How accurate can we predict the results of measurements in a physical system? In the world of tiny particles, which is governed by the laws of quantum physics, there is a fundamental limit to the accuracy of such predictions. This limit is expressed by the Heisenberg uncertainty relation, which states that it is impossible to predict simultaneously, for example, the measurements of the position and momentum of a particle, or of two components of a turn, with arbitrary precision.

A Paradoxical Decline in Uncertainty

In 1935, however, Albert Einstein, Boris Podolsky and Nathan Rosen published a famous article in which they showed that accurate predictions are theoretically possible under certain circumstances. To do so, they considered two systems, A and B, in what is known as a "tangled" state, in which their properties are strongly correlated.

In this case, the results of the measurements in system A can be used to predict the results of the corresponding measurements in system B with, in principle, arbitrary precision. This is possible even if systems A and B are spatially separated. The paradox is that an observer can use measures in system A to make more precise claims about system B than an observer who has direct access to system B (but not to A).

First observation in a particle system

In the past, experiments have used light or single atoms to study the EPR paradox, which takes its initials from the scientists who discovered it. Now, a team of physicists led by Professor Philipp Treutlein of the Physics Department of the University of Basel and the Swiss Institute of Nanoscience (SNI) has successfully observed the EPR paradox using a multi-particle system of several hundred interacting atoms for the first time .

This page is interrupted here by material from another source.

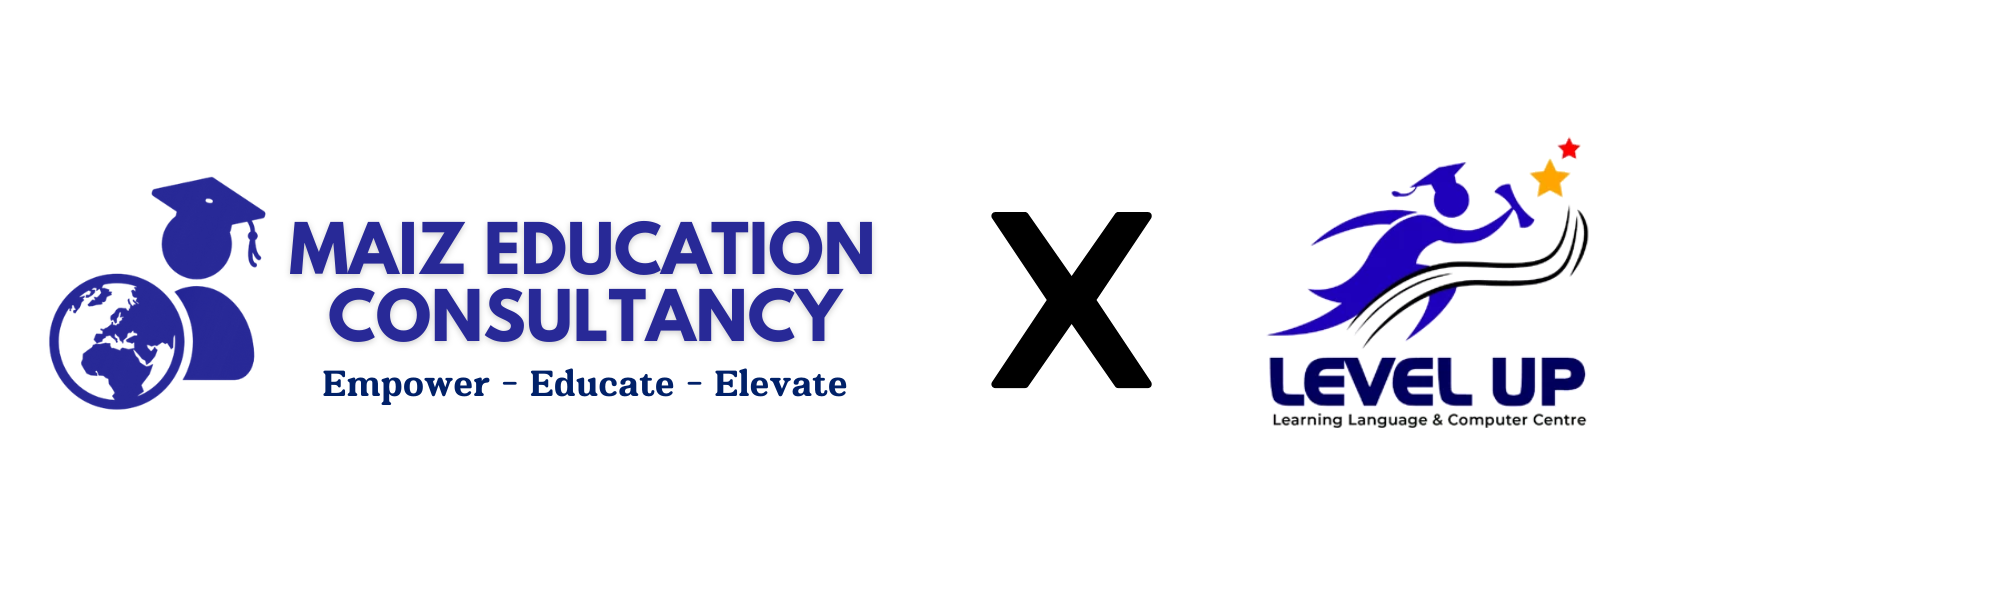 October Education Consultancy Logo Concept by Samirjay Art on Dribbble

The experiment used lasers to cool atoms to only a few billionths of a degree above absolute zero. At these temperatures, atoms behave completely according to the laws of quantum mechanics and form what is known as a Bose-Einstein condensate, a state of matter that Einstein predicted in another pioneering document in 1925. In this cloud ultra cold, the atoms collide constantly with each other, causing their spins to get tangled.

Next, the researchers took measurements of the spin in regions spatially separated from the condensate. Thanks to the high resolution images, they were able to measure the spin correlations between the separated regions directly and, at the same time, locate the atoms in precisely defined positions. With their experiment, the researchers managed to use measurements in a given region to predict the results for another region.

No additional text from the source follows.